Они с Лией всегда были откровенны друг с другом, и именно ей он рассказал про Тима в одну из таких встреч. Но ее больше интересовала Ильза, и она прямо спросила, нет ли его вины в том, что они расстались; возможно, одна из его давнишних навязчивых идей заставила Ильзу принять такое решение.
– Клянусь тебе, что нет, – негодующе ответил он. – Бог мой, да я умолял се вернуться со мной. В ночь накануне отъезда мы не сомкнули глаз, я все пытался уговорить се… У тебя такой вид, будто ты мне не веришь.
– Нет, нет, я знаю, ты говоришь правду. Просто я задаю себе вопрос, не было ли ее решение продиктовано чем-то, что таилось в закоулках ее сознания, и о чем она до поры до времени и сама не подозревала.

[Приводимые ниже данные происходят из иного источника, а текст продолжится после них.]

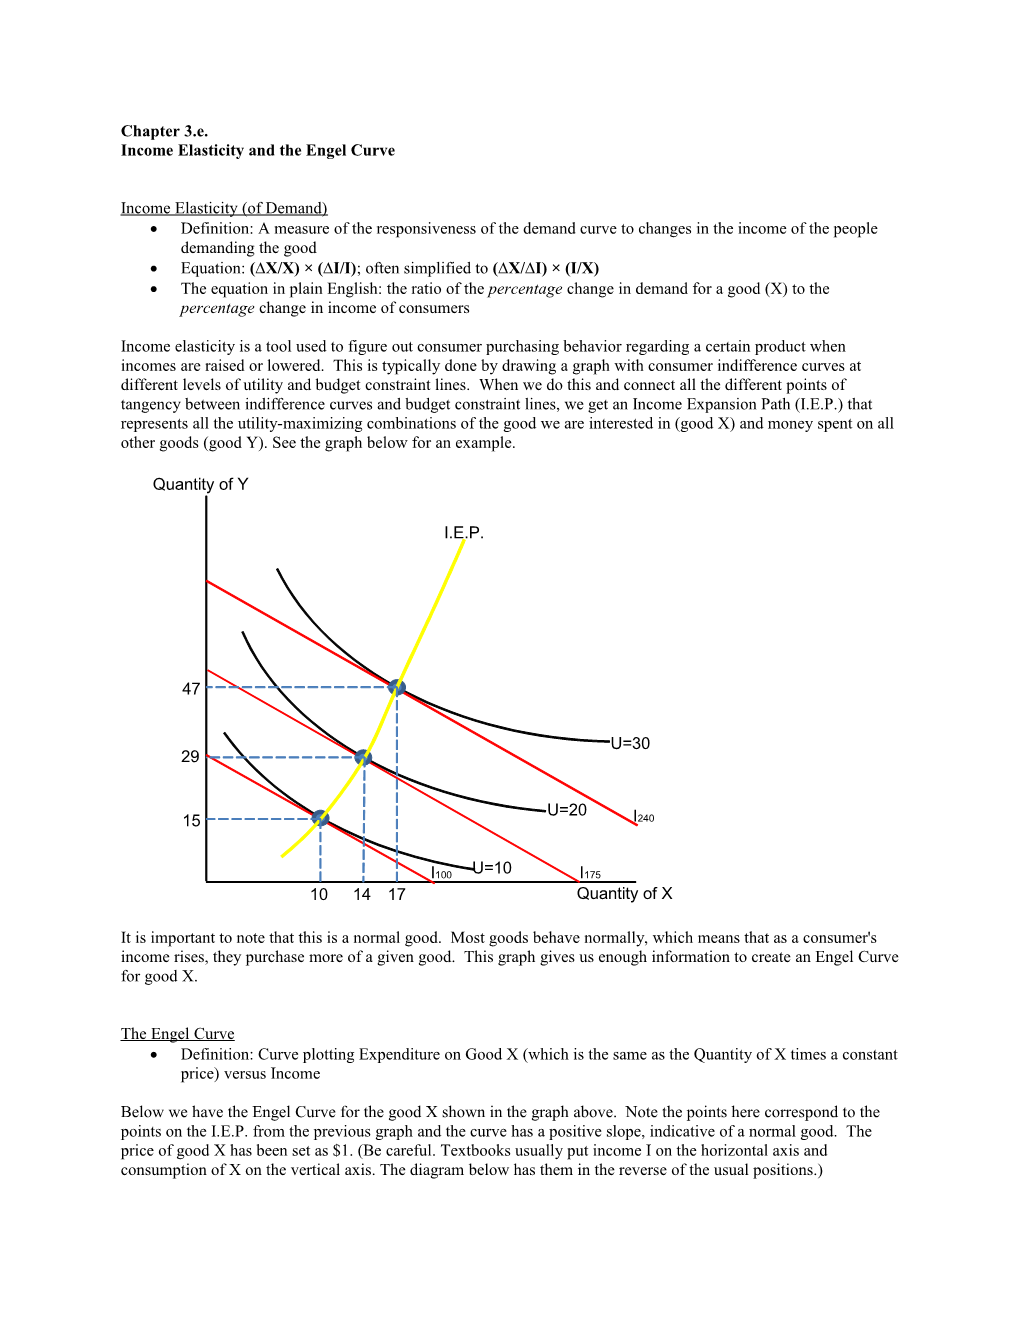 Income Elasticity and the Engel Curve

– О чем ты, черт побери, говоришь, Лия?
– Не сердись. Я имею в виду, что ты был на том обеде, и ей, возможно, пришло в голову…
– Господи, Лия, я ходил туда, чтобы увидеть Айрис, да и в любом случае – со времени этого обеда до нашего отъезда прошло более трех лет.
Лия, наливавшая молоко себе в кофе, ничего не ответила, но вид у нее был задумчивый. Неужели моя ситуация действительно сыграла какую-то роль, мелькнула у Пола мысль. Неужели это послужило причиной? Нет, не может быть. Собственное прошлое и мечты об Израиле толкнули ее на этот шаг.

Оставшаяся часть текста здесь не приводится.